A Simple Fully Automated Method for Skull-Stripping Quality Control in Brain MR Image Processing Pipelines Evaluated Using Multicenter Data
Till Huelnhagen1,2,3, Ricardo Corredor-Jerez1,2,3, Claudia Bigoni1, Veronica Ravano1, Mário João Fartaria1,2,3, Adrian Tsang4, Rodrigo D. Perea4, Sara Makaretz4, Maria Laura Blefari4, Yuchuan Zhuang4, Bénédicte Maréchal1,2,3, Elizabeth Fisher4, and Tobias Kober1,2,3

1Advanced Clinical Imaging Technology, Siemens Healthcare AG, Lausanne, Switzerland, 2Department of Radiology, Centre Hospitalier Universitaire Vaudois (CHUV), Lausanne, Switzerland, 3Signal Processing Laboratory (LTS 5), École Polytechnique Fédérale de Lausanne (EPFL), Lausanne, Switzerland, 4Biogen, Cambridge, MA, United States


Automated brain segmentation approaches are increasingly being used for decision support in routine clinical settings. While segmentation may be considered a “solved problem” in research, it is still challenging to assure reliable performance of automated tools in clinical settings, which is a crucial requirement for diagnostic tools. To ensure correct results, automated quality control procedures are of vital importance, but they are often difficult to implement or time-consuming to run. We propose a simple and fast fully automated method to detect segmentation errors, and we evaluate its performance to detect skull-stripping-errors using results of two different brain segmentation algorithms on a large multicenter dataset. Results show that the method is able to detect skull-stripping-errors with high specificity.

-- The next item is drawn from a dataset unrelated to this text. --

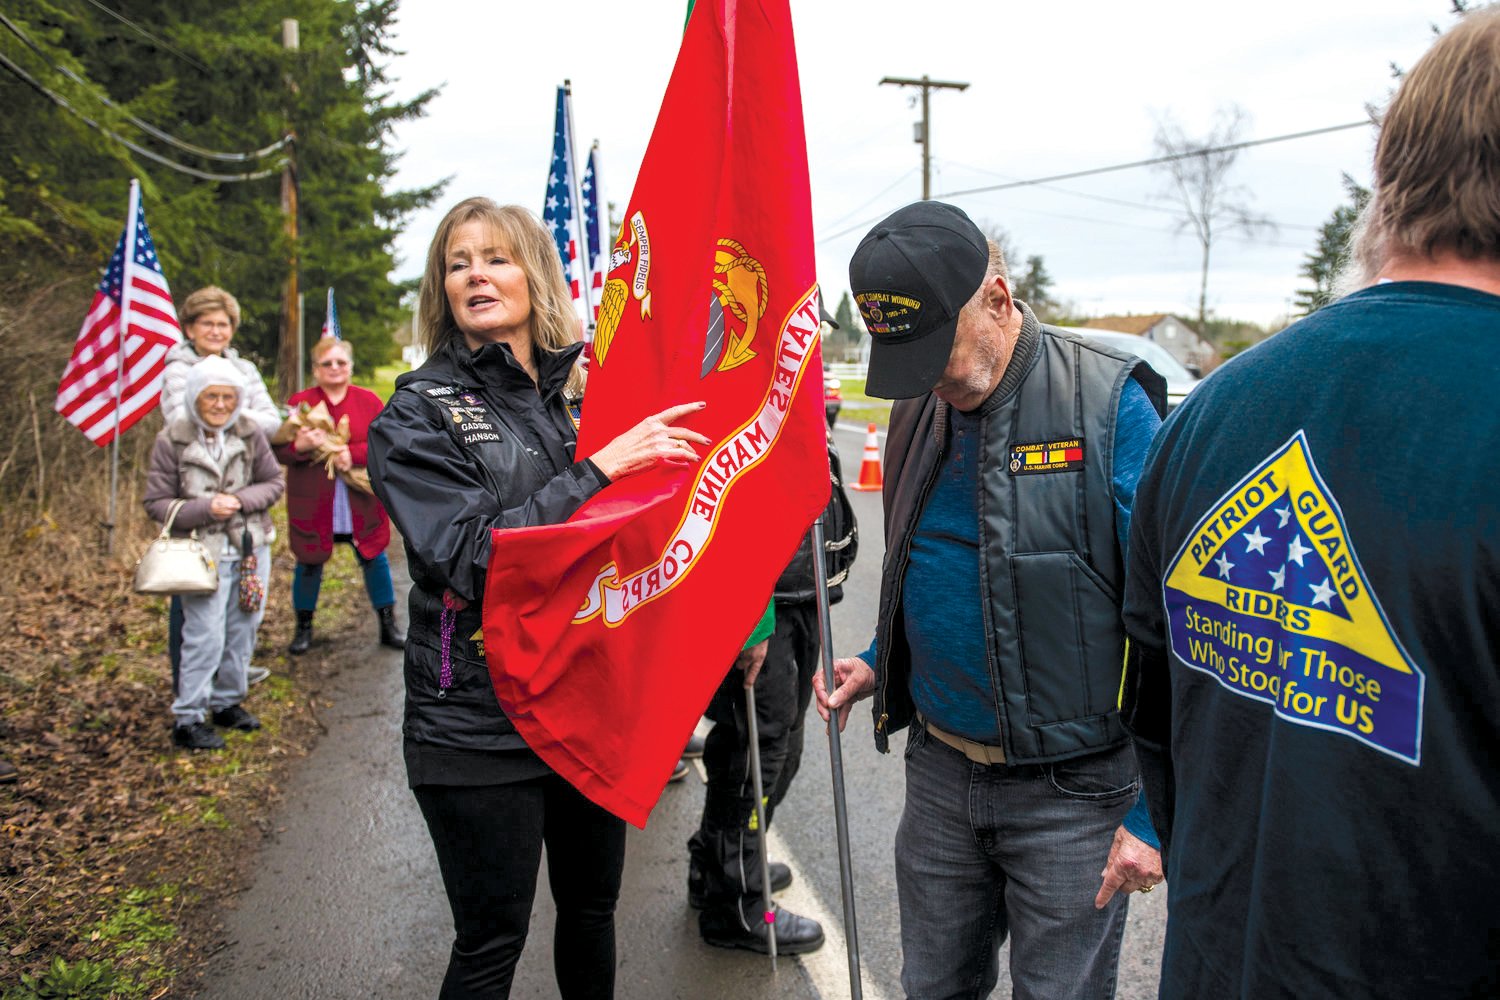 Marine Corps veteran Roger Flinn, right, lowers his head as Mary Astrid, center left, talks about his service before the unveiling of a "Purple Heart County" sign in the 3900 block of Harrison Avenue in Centralia in 2020.
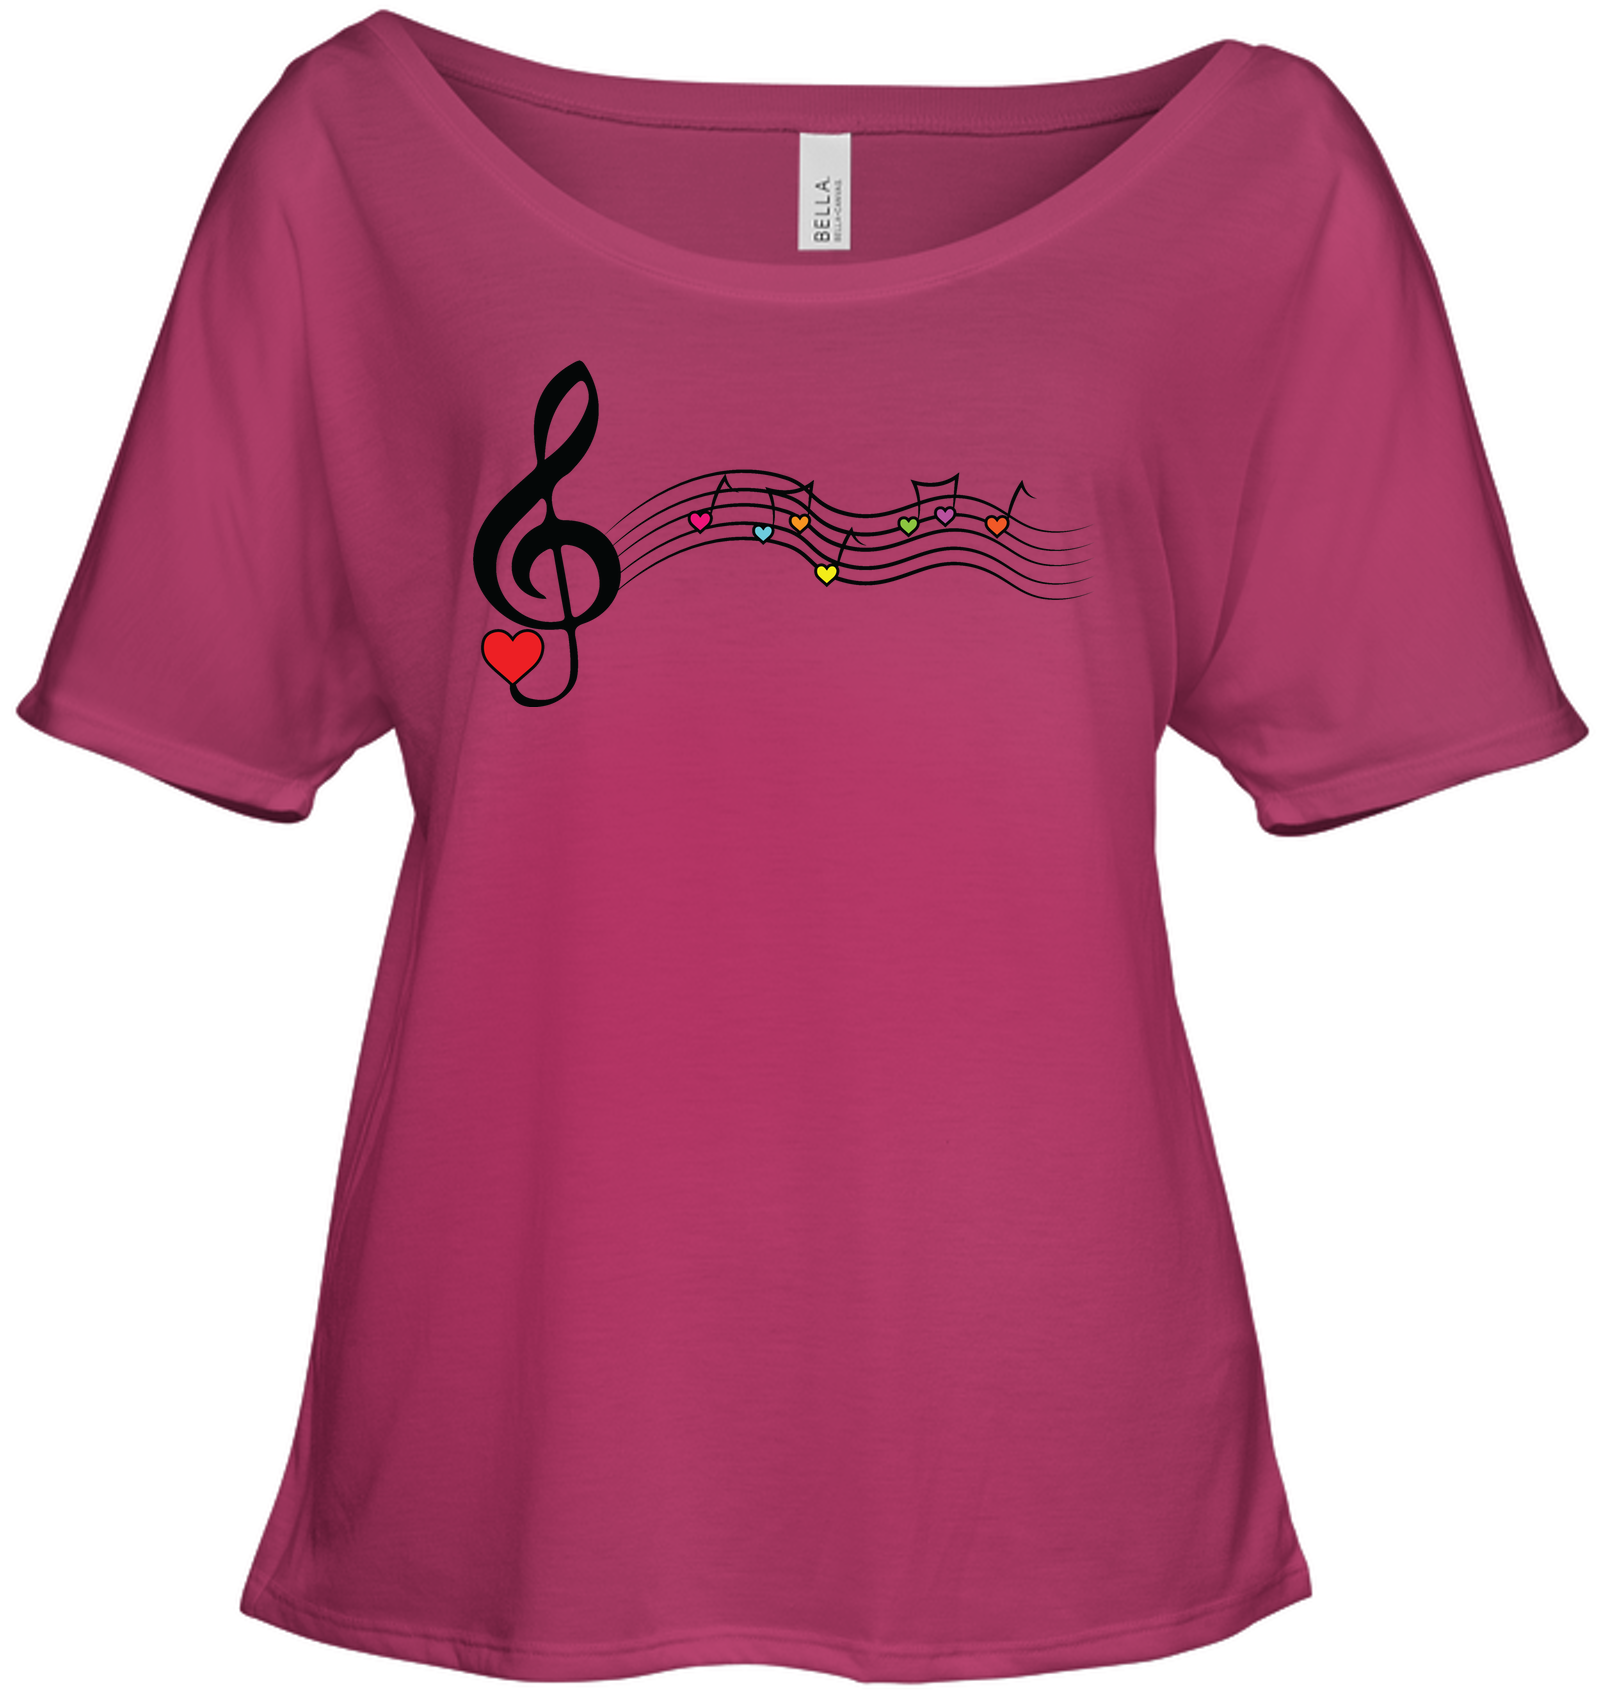 Musical Waves, Heart Notes and Colors - Bella + Canvas Women's Slouchy Tee

Automated brain segmentation approaches are increasingly being used in routine clinical settings, in particular for neurodegenerative diseases like multiple sclerosis (MS) and Alzheimer’s, for which brain atrophy is a marker of disease progression1,2. Reliability of segmentation results is essential for clinical applicability, but depends on many factors. Automated segmentation algorithms will never be absolutely perfect; these uncertainties can however be managed as long as segmentation errors are automatically detected. Segmentation quality metrics can be used for this purpose, but require a ground truth, which is rarely available. Registration of images to reference templates is a viable option to overcome this limitation3, but the processing can be time-consuming, and results can be difficult to interpret. The goal of this work was to develop a simple and fast, fully automated pipeline for detection of errors in brain segmentation. The performance of the approach for detecting skull-stripping errors, a common source of unsatisfactory results, was evaluated on a large multicenter dataset including images from healthy subjects and MS patients and compared to human reader scores.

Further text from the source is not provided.